Zum Auftakt sei eingeräumt, daß der Titel dieses Blogposts eine kleine Irreführung darstellt: an den US-amerikanischen Kinderbuchillustrator und- autor William Pène du Bois, der heute vor 100 Jahren, am 9. Mai 1916 in Nutley, New Jersey, geboren wurde, kann in Deutschland eigentlich nicht recht erinnert werden, weil er und sein Schaffen bei uns nie bekannt geworden sind. Auch in seiner Heimat sind seine Bücher, zum allergrößten Teil, von dem heimgesucht worden, was Hans Magnus Enzensberger die "Furie des Verschwindens" genannt hat (und die sich der Endunterzeichnete immer wie die Begegnung mit der titelgebenden Gestalt von Lewis Carrolls epischem Großgedicht The Hunting of the Snark von 1876 ausgemalt hat:
'But oh, beamish nephew, beware of the day,
If your Snark be a Boojum!
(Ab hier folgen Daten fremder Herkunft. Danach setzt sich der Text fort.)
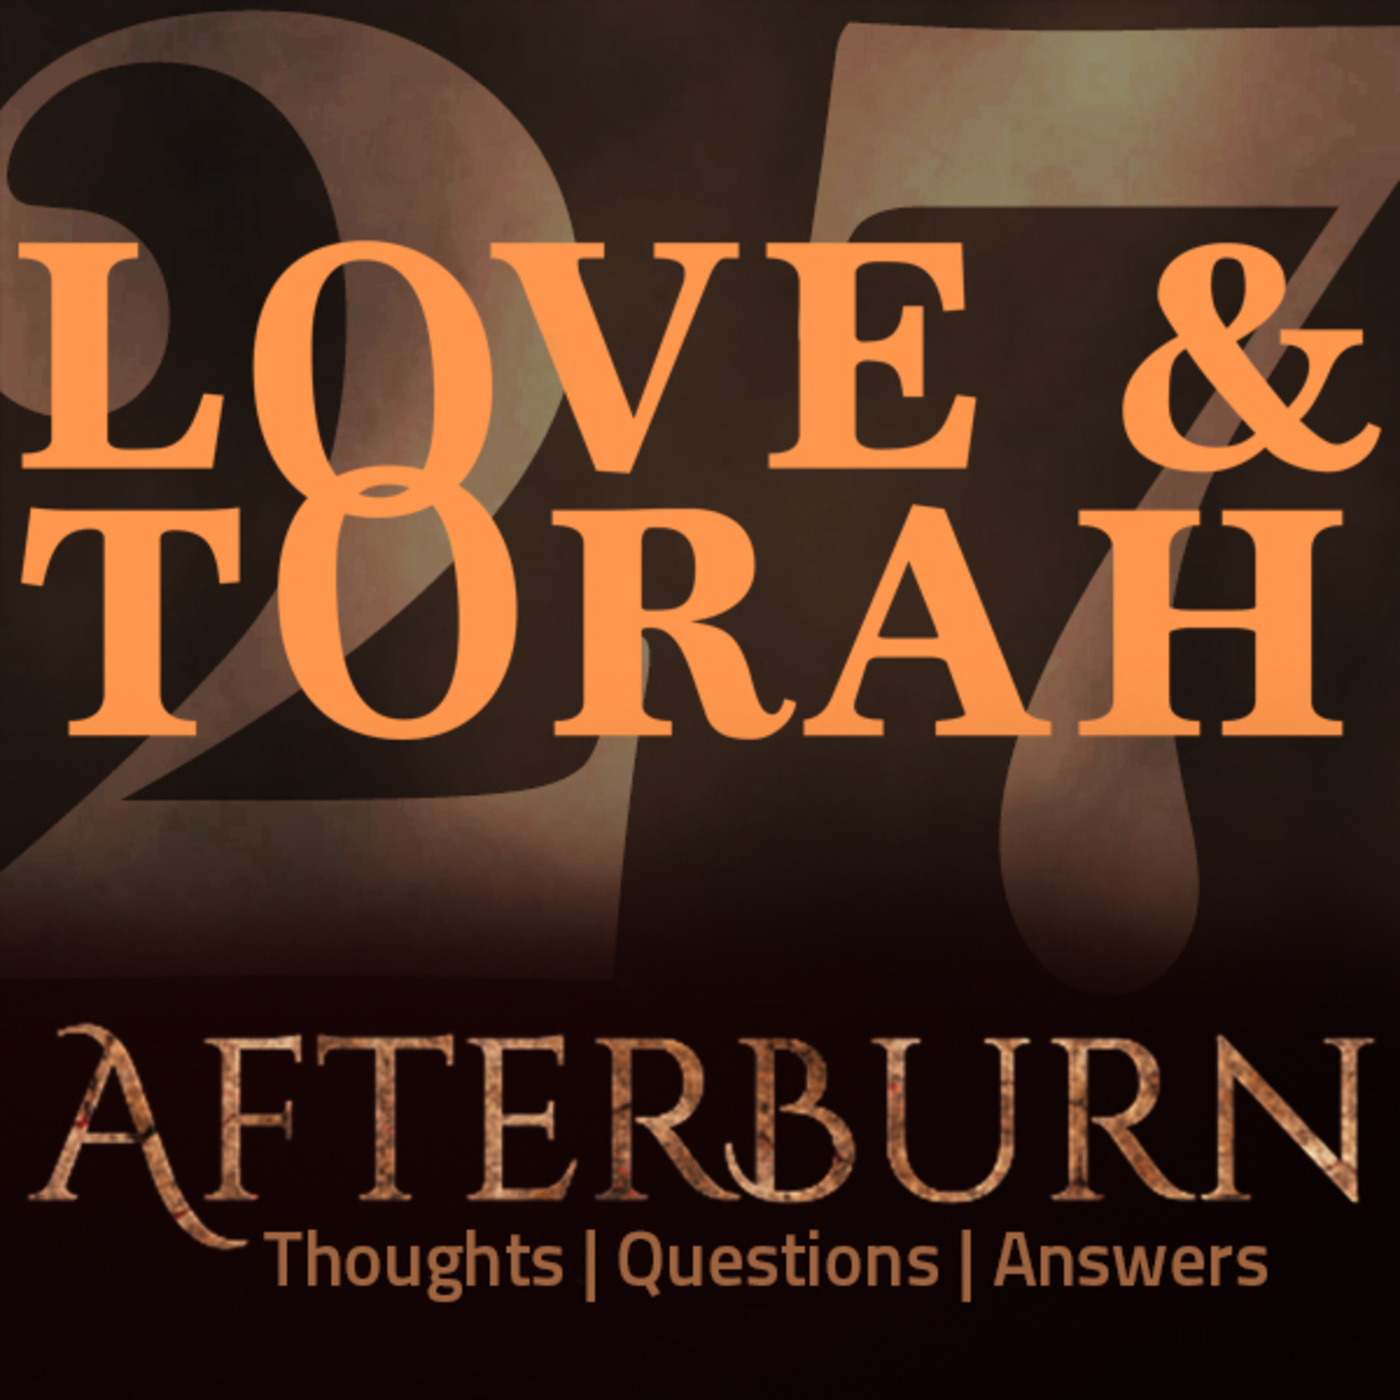 Episode 613: Afterburn | Thoughts, Q&A on Love and Torah | Part 27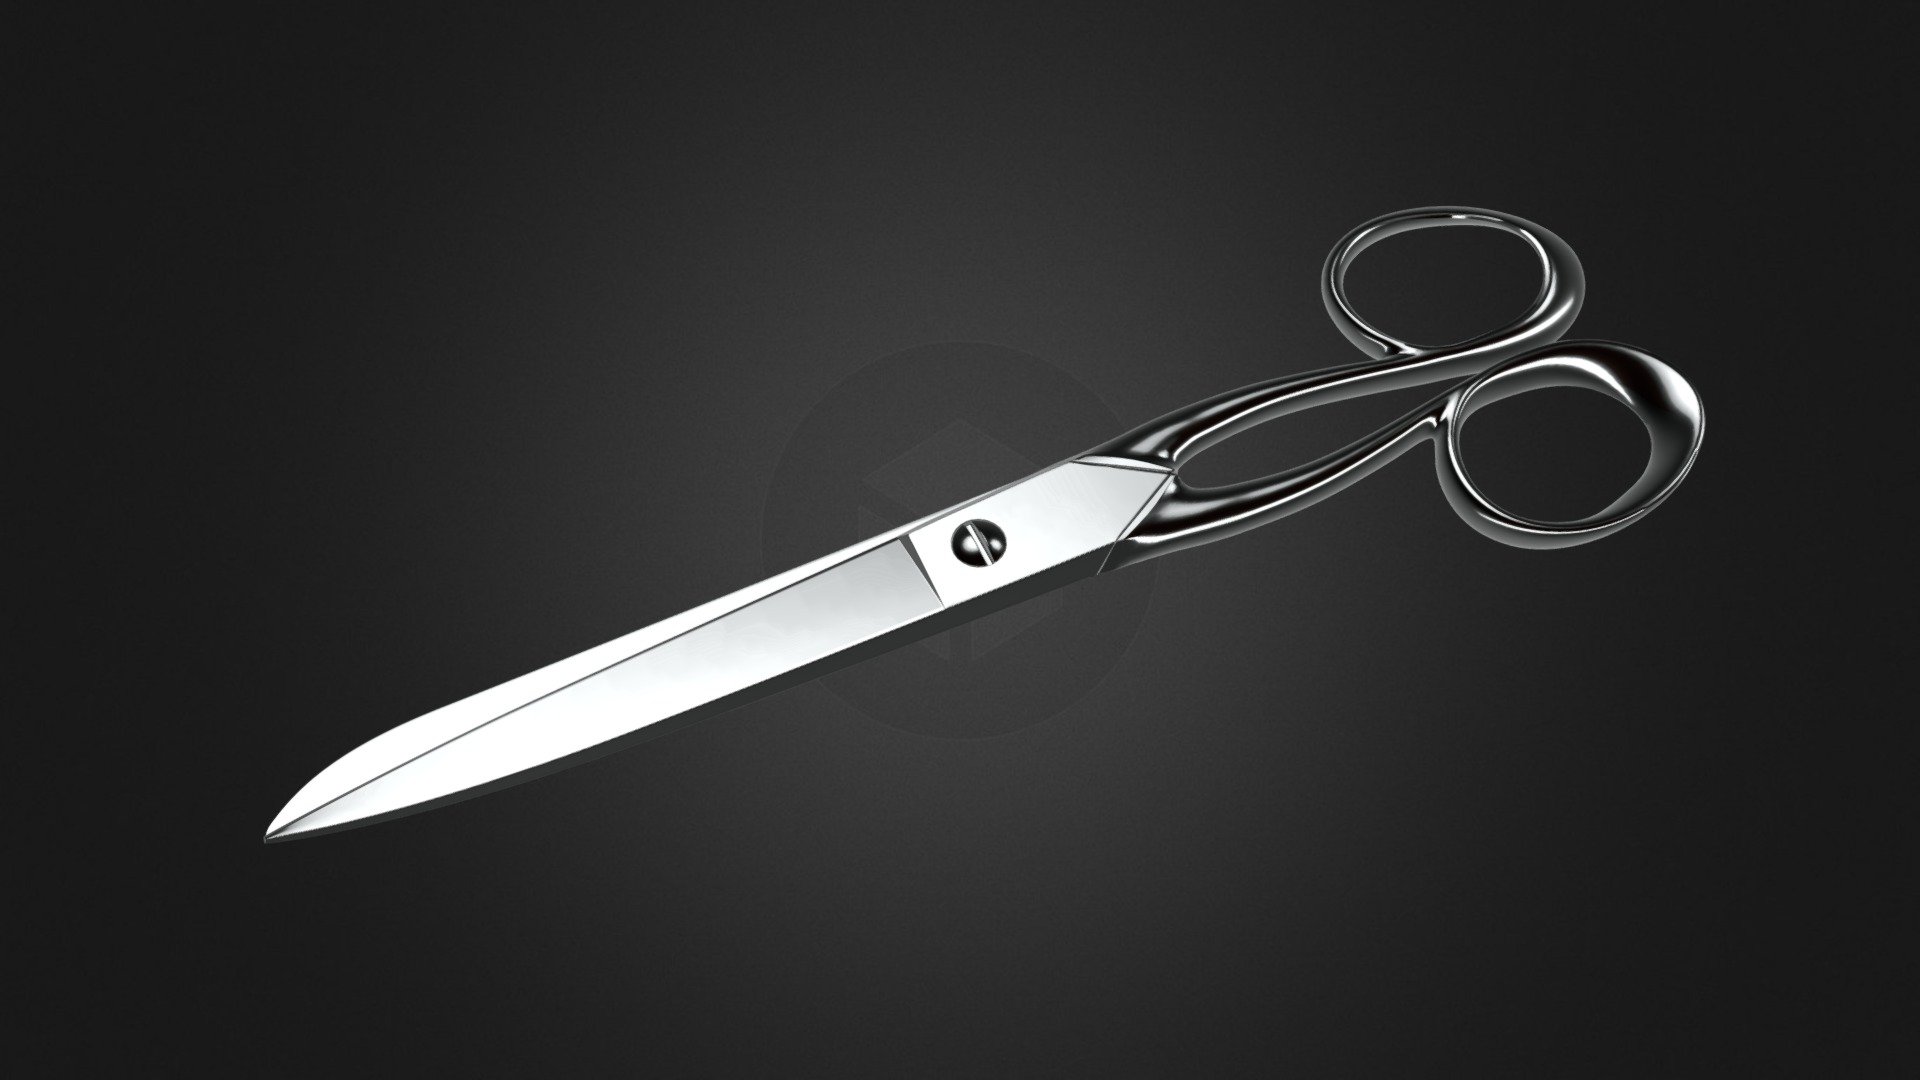 this scissors belonged to my mother's sewing kit - scissors - Buy Royalty Free 3D model by Manfred Kostka (@manfredkostka) 3d model

For then
You will softly and suddenly vanish away,
And never be met with again!'
- was Günter Fleming in seiner 2013 erschienenen Übertragung der "Agonie in acht Gesängen" so ins Deutsche geschmuggelt hat: "Doch, strahlischer Neffe, mög's niemals gescheh'n / Daß das Schnark sich als Bulam erweist, / Denn sonst wirst du sanft und im Nu untergeh'n, / Wie am Morgen ein nächtlicher Geist.")
Von den gut zwei Dutzend eigenen Büchern und der doppelten Anzahl derer, die er mit seinen Illustrationen versehen hat, ist das Gros sanft in die ewigen Jagdgründe der Großbibliotheken eingegangen; geblieben sind kurze Einträge in Nachschlagewerken zur Jugendliteratur, die eine oder andere Reproduktion in Sekundärwerken und gelegentlich die Chance, den einen oder anderen Titel zu einem erschwinglichen Preis über einen der Aggregatoren für antiquarische Titel, seien es Amazon, ZVAB oder ViaLibri, aufzutun (wobei gerade Bücher für junge Leser für Sammler oftmals teurer zu stehen kommen als "gewöhnliche" Titel: das intendierte Publikum neigt in aller Regel nicht dazu, selbst geliebten Schmökern pfleglichen Umgang angedeihen zu lassen; und Erwachsene, die sie als Sammler erwerben und sie wie einen Augapfel hüten, tun dies für gewöhnlich erst, wenn die Titel nach dem Ablauf von Jahrzehnten in den Rang entweder von Sammlerstücken und/oder nostalgischen Jugenderinnerungen aufgestiegen sind.)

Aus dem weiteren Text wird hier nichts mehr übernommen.